Rugs in a Room

Consider a point $Q$ , which is distributed uniformly at random in the room. Also, let us denote the event that the $i$ th rug contains the point $Q$ by $E_i$ . We have $\mathbb{P}(E_i)=\frac{1}{5}, \forall i=1,2,\ldots, 9$ . Now, using Bonferroni's Inequality , we have $1\geq \mathbb{P}(\cup_{i=1}^{9}E_i)\geq \sum_{i=1}^{9}\mathbb{P}(E_i)-\sum_{1=i<j=9} \mathbb{P}(E_i\cap E_j)\geq \frac{9}{5}-\binom{9}{2}\max \mathbb{P}(E_i\cap E_j).$ This implies, $\max \mathbb{P}(E_i\cap E_j) \geq \frac{1}{45}.$ Since the total area of the room is $5 m^2$ , it follows that the least amount of overlap area of two rugs is at least $5 \times \frac{1}{45}=\frac{1}{9}$ . Now, it is easy to come up with symmetrical rugs (see, e.g., the annular room layout in the other solution attempt) which meets this bound.

Note: This is a nice example of using Probabilistic (or more generally, Measure theoretic) ideas to solve a seemingly Geometrical problem.
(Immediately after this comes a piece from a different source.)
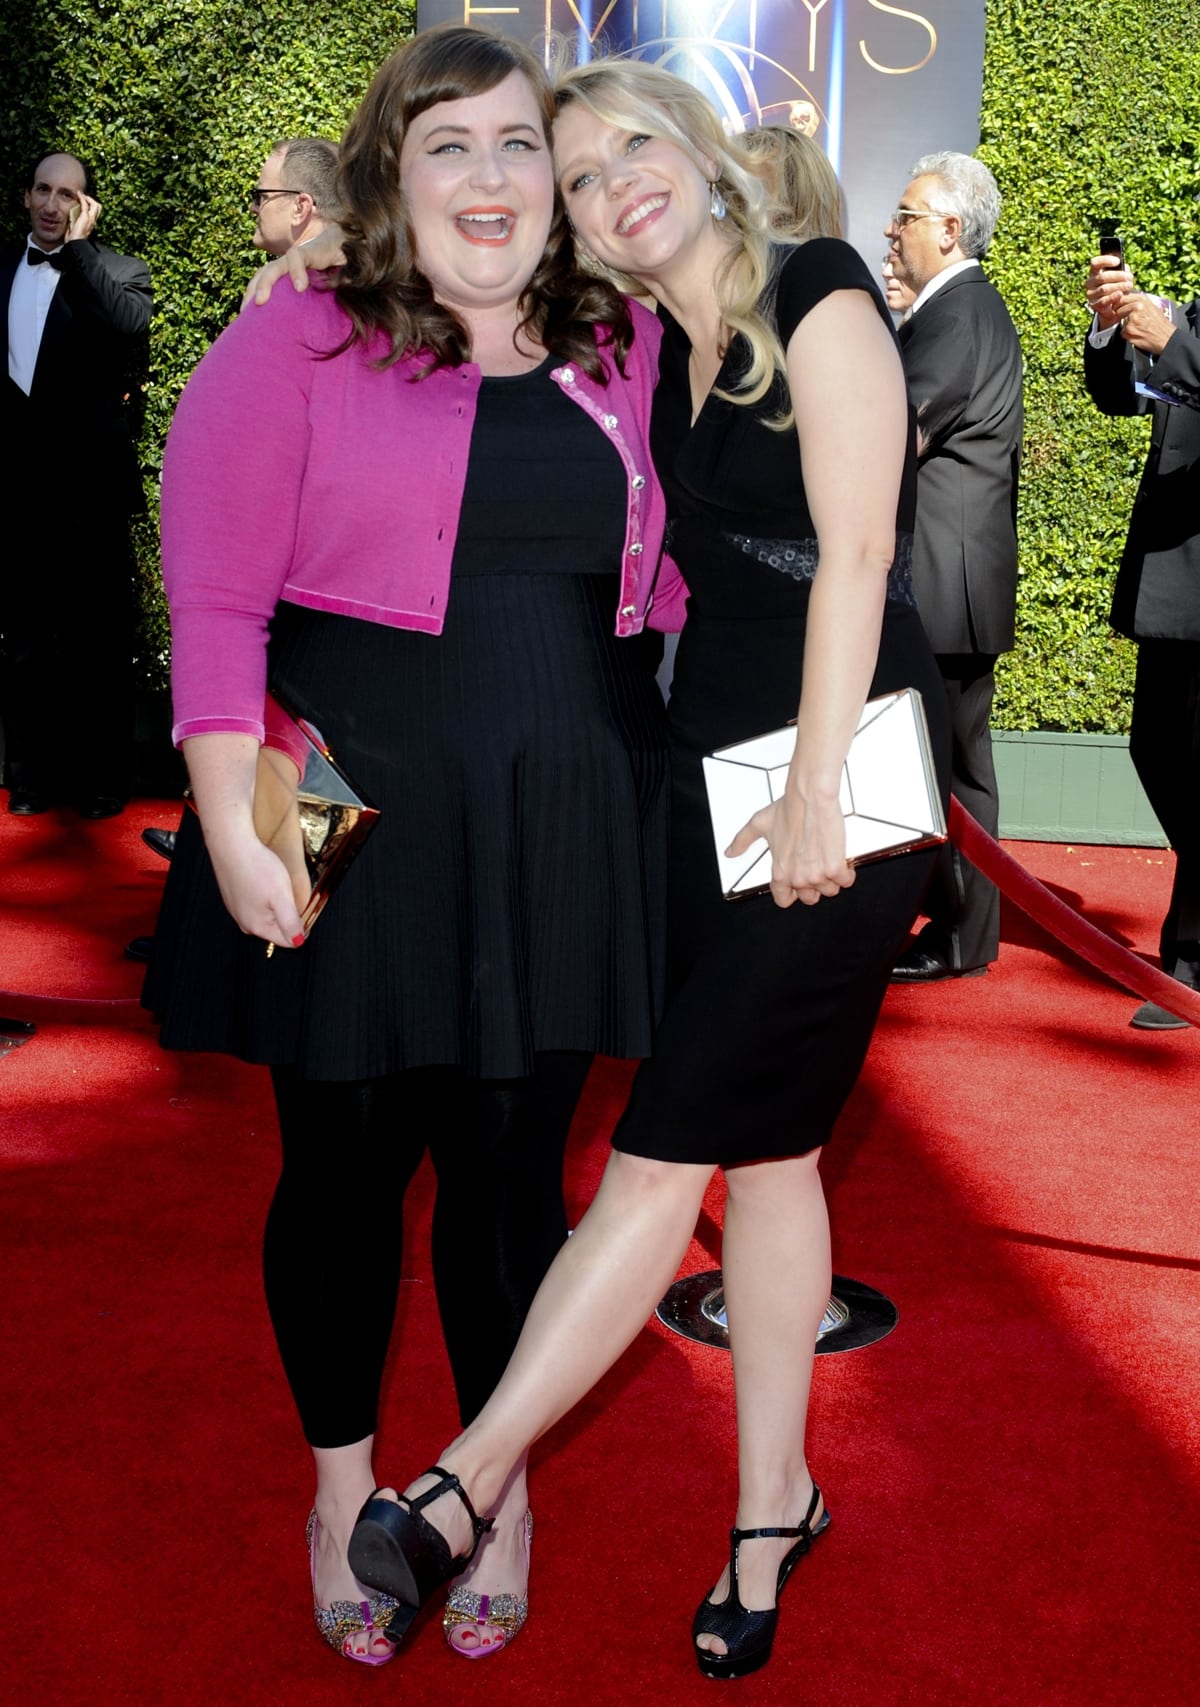 SNL veterans Aidy Bryant (L) and Kate McKinnon attend the 2014 Creative Arts Emmy Awards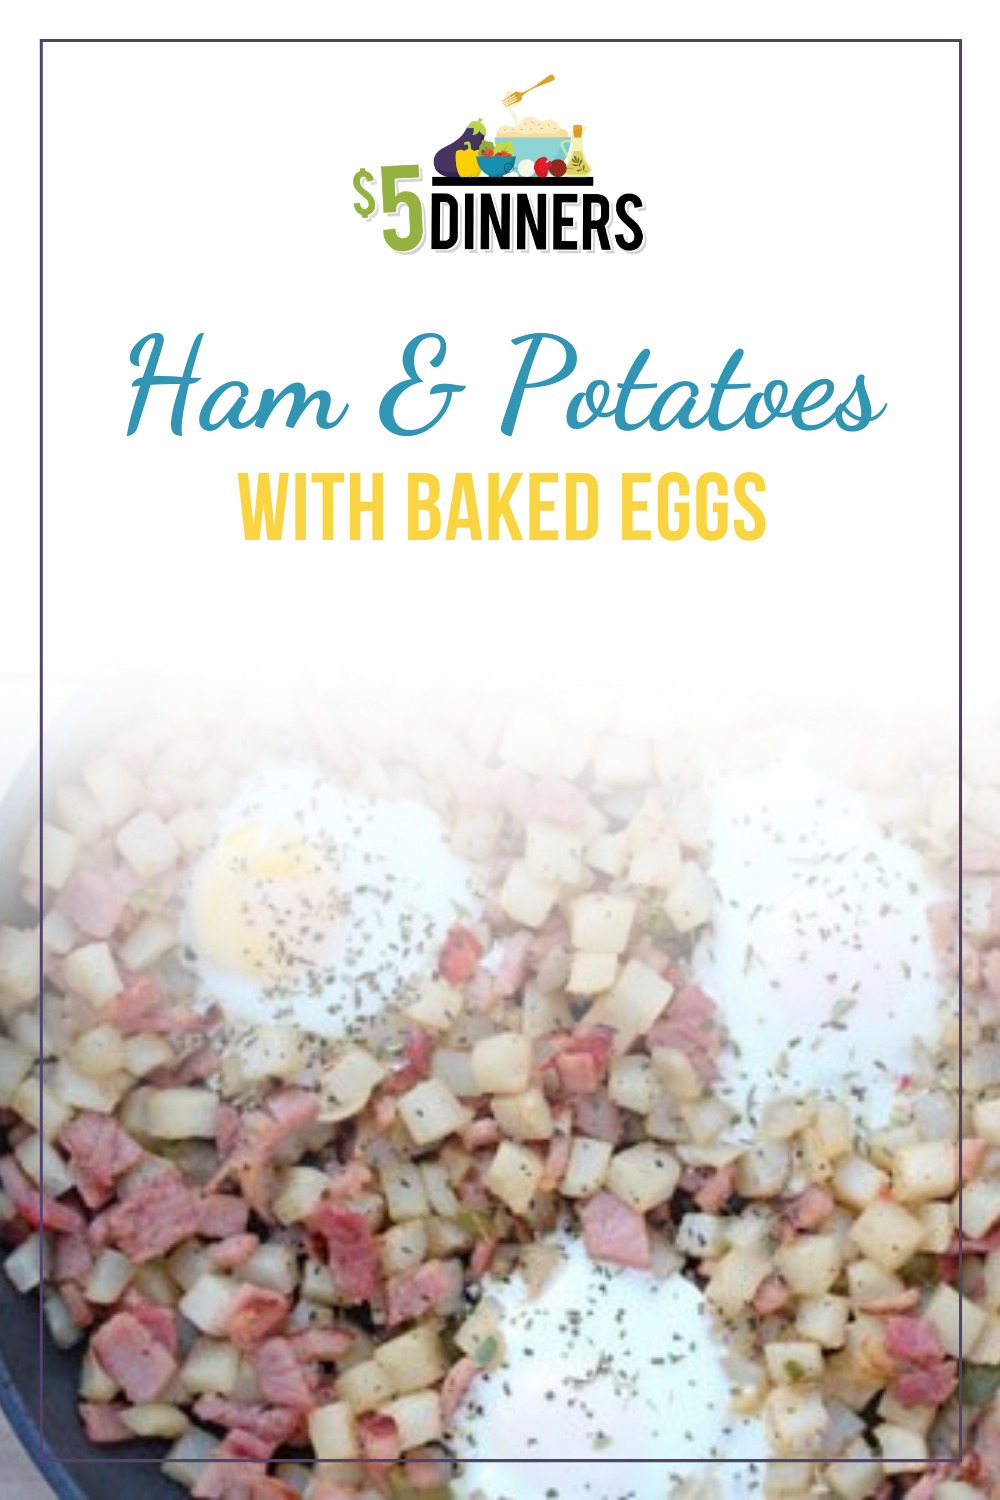 ham & potatoes with baked eggs

we will focus on numbers (areas), and ignore the shapes, since they can be arbitrary.

this is the sequence of my thought process:

1. Assumption : the minimizing layout will not involve 3 overlapping rugs. (this start with pure intuition, proven later)

2. Layout : assuming a ring shaped room, the layout is shown below.

3. Find the overlapping area y. $\begin{aligned} \text{room area} = 9x + 9y &= 5 \\ \text{rug area} = 2x + y &= 1 \\ \\ \therefore x = \frac{4}{9} , y = \frac{1}{9} \\ \therefore a + b = 1 + 9 = 10 \end{aligned}$

4. Proving assumption in step 1. We will focus on 3 rugs. Making another assumption from intuition, minimizing layout will be symmetrical (left). It can be redistributed (right) such that (1) the total covered area remain unchanged, and (2) 3 overlapping area is 0. $\begin{aligned} \text{covered area} = x + 3y +3z &= 3a + 3b\\ \text{rug area} = x + 2y + z &= a + 2b \\ \therefore a = -\frac{1}{3} x + z , b = \frac{2}{3} x + y \\ \end{aligned}$ Hence, two rugs overlapping area decreases from $(x + y)$ to $(\frac{2}{3} x + y)$ , (partially) proving the assumption.

5. Loose ends :

   (a) 4 overlapping rugs and above?

   (b) Is there a minimizing layout which is not symmetrical?

   (c) What if $a = -\frac{1}{3} x + z < 0$ in step 4?

The solution is by no means rigorous, but my patience is limited.